The Virginia General Assembly dissolved The Colleges in 1962, with RPI and the Norfolk College (now known as Old Dominion University) becoming independent state universities. At the same time, RPI took on the nickname of Rams.

===Becoming VCU===

Virginia Commonwealth University was established on July 1, 1968, becoming the first truly urban university in Virginia. In just one year, the new Virginia Commonwealth University was the largest University in the state at a head count of 13,374, of which 12,059 were from the former RPI campus and 1,675 were from the Medical college.

====Envisioning a Great Urban University====
At the 1969 convocation for VCU, Dr. Brandt envisioned a great urban University, stating, "we are caught up in a thing you might call the Virginia Commonwealth University Idea. It's an exciting concept....an academic approach without precedent, VCU will become a name that will mean a great deal to you in years to come...as one of the leading educational institutions."

====VCU's Founding Principles====
In his inaugural address as VCU's first president, November 10, 1970, Dr. Warren W. Brandt itemized some of VCU's special educational benefits to the urban community which it serves as a responsive citizen.
- Provide special programs for those working on urban problems
- Teach how to live more effectively in the urban environment
- Offer special material to make students aware of urban problems
- Provide a faculty with expertise in a wide variety of relevant specialties
- Furnish a large group of dedicated volunteer workers; faculty, students, and staff
- Provide health care to a large number residents of Richmond and most of Virginia

Three years later, Dr. Brandt echoed this commitment.

We are striving to be a strong institution with significant emphasis on being an urban university-serving the city, the state, and other institutions.
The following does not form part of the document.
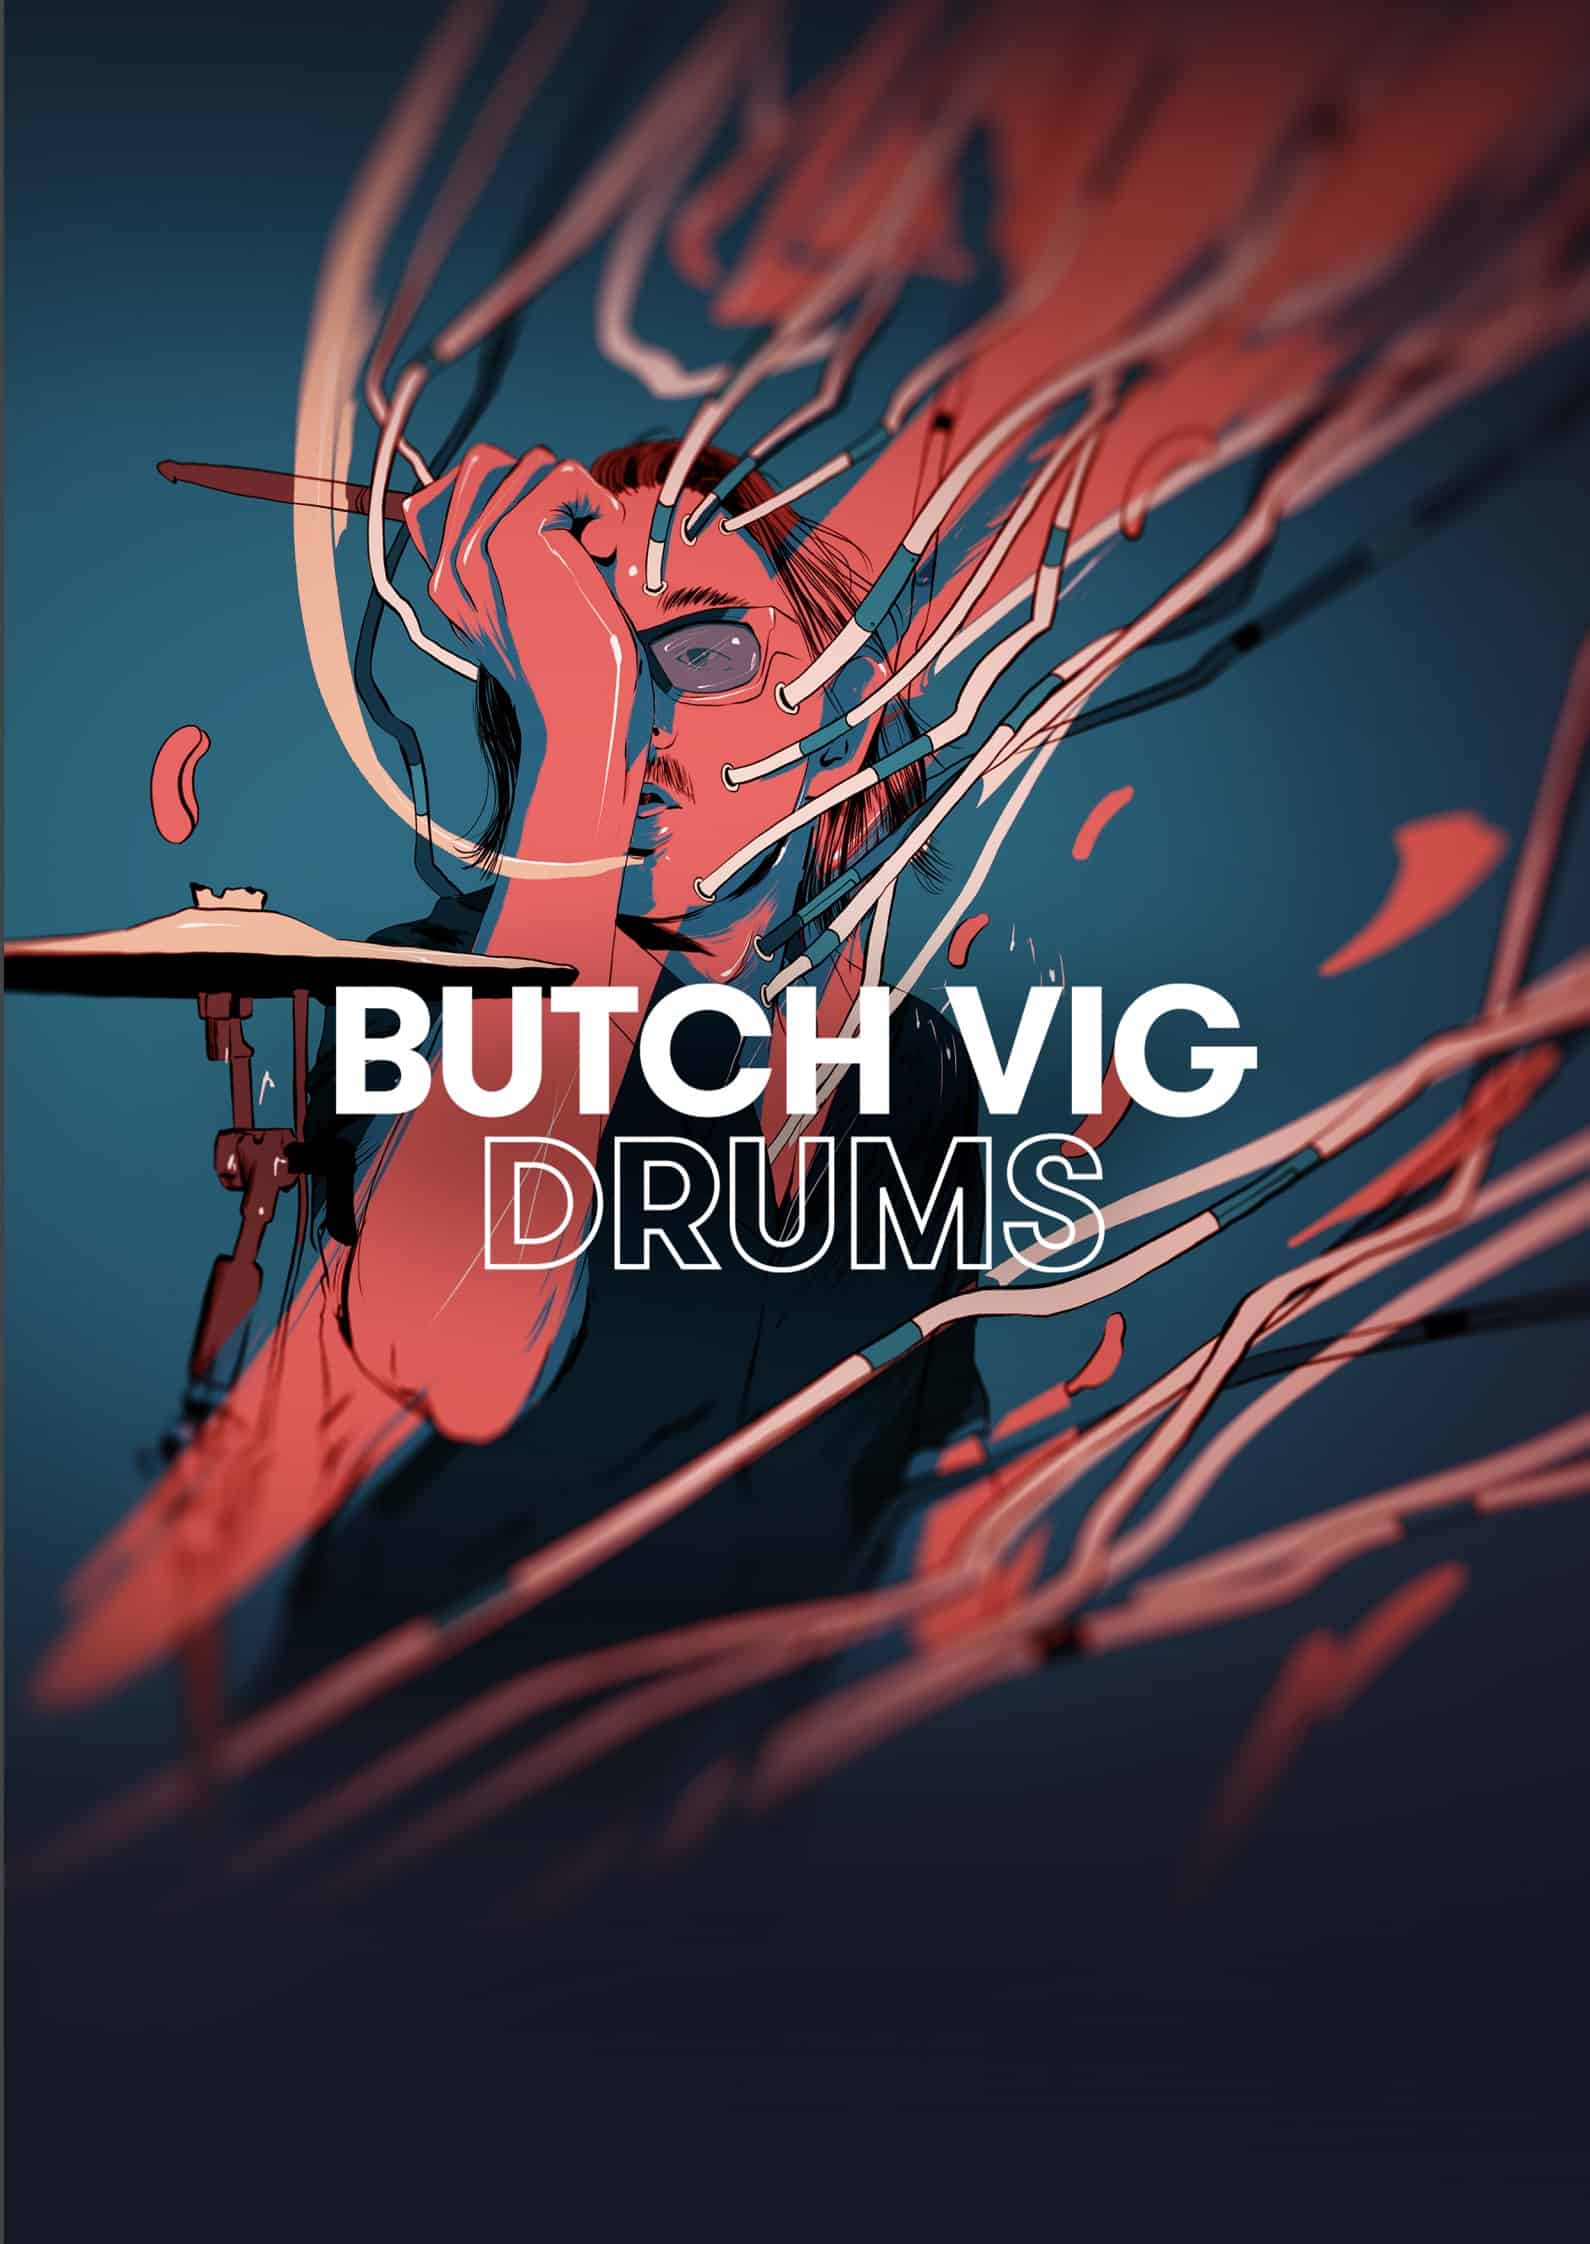 BUTCH VIG DRUMS by Native Instruments | Hard-hitting hybrid drums

We're not trying to be an elitist institution, but to be an institution which meets the needs of the Urban community by accepting a wide range of students into a variety of programs.

==Athletics==
From 1948 to 1963, RPI's sport teams were known as the Green Devils due to their affiliation with The College of William and Mary.

In 1963, the mascot was changed to the Rams when RPI became an independent institution. The Green Devils color scheme no longer matched, so RPI chose blue and grey for its new school colors on the recommendation of the School of the Arts faculty, evoking Richmond as a combination of North and South. When RPI merged with MCV, the color scheme was changed to the current black and gold of Virginia Commonwealth University.